All told, of the 54 at PBUC, 30 went home on the reserve list without a job.
LIFE ON THE ROAD
White left Carson City last week and went through a couple of days of meetings before starting his season on Memorial Day weekend.
“I’m having a blast,” said White from his car where he was driving toward his next assignment in South Carolina. “We’ve done three games so far and everything has gone well. It’s a great league and it gives me a great opportunity to get better.
“The only difficult thing is that we’re traveling everyday. We are at a different site everyday. We have to travel up to four hours sometimes to get to our next assignment.”

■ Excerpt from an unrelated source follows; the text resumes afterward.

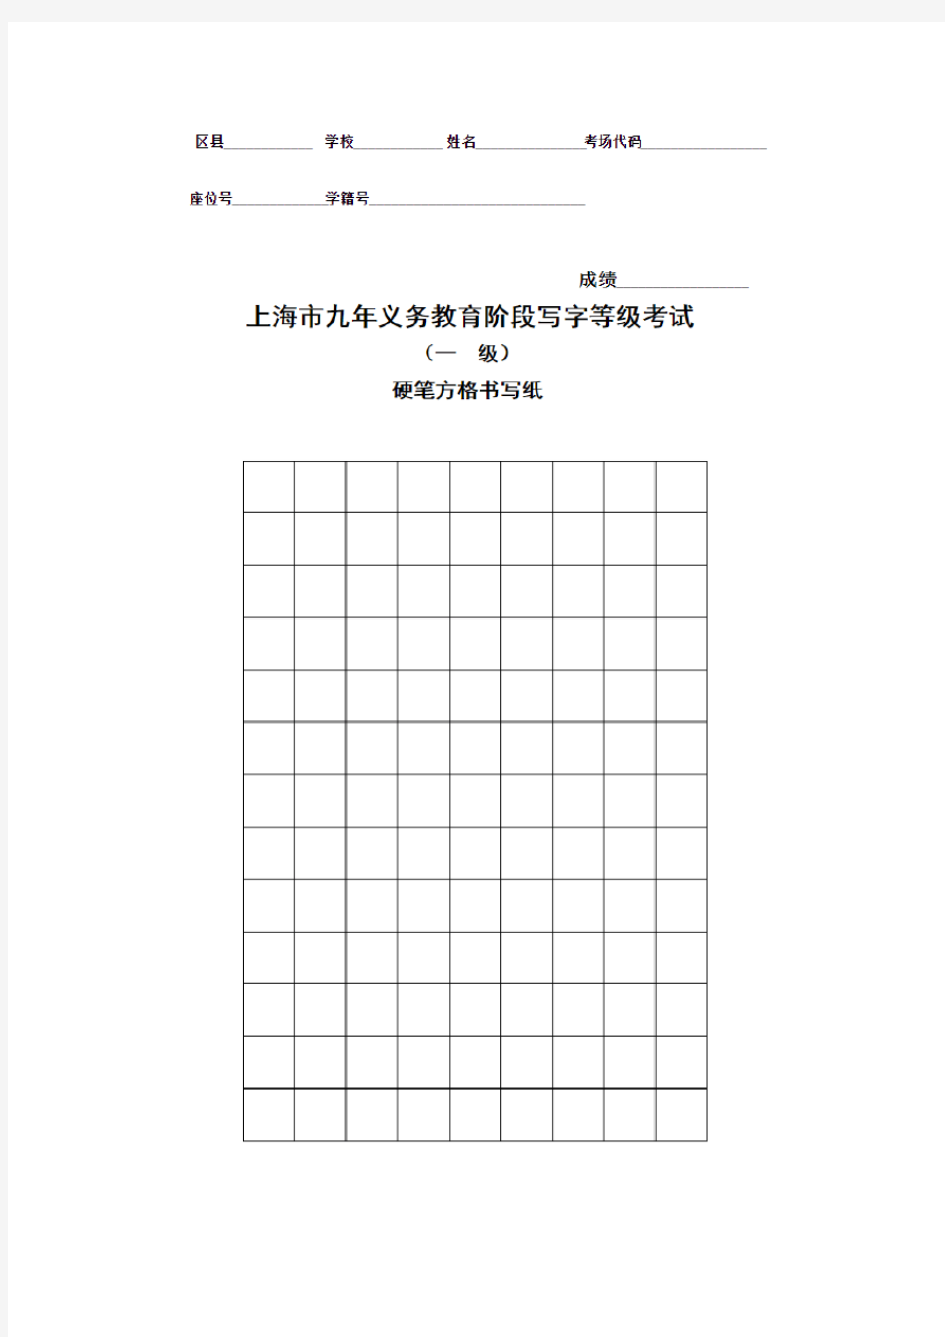 上海市九年义务教育阶段写字等级考试(一级)硬笔方格书写纸

White said that was done to save money. The league found it more economical to keep umpires traveling to a new place instead of keeping them in one place for three or four days or them having a home base. So it’s living out of a suitcase for three months, which is ideal for a single guy like White. Umpires stay in assigned hotels in every city and home teams provide meal vouchers for them.
Coastal Plain umpires make $1,500 a month, and when you consider you don’t have to pay for housing and very few meals, it’s not bad. The way of life has changed White’s perspective of umpiring.
“In the past, I’ve umpired to support myself, pay my bills,” he said. “Now, I don’t worry about the money. I’m just working my butt off, trying to get better and to get promoted.
“I’m concentrating on umpiring. There is nothing else to do. I know I’m going to get a plate every other day and that helps me get into a rhythm. In high school, you might get a three-game series and then be off four or five days.”
It will be a pressure-packed summer for White. While he may be having a blast, he’ll also be under the watchful eye of PBUC . If he wants a job in organized professional baseball next year, he’s got to impress the big brass.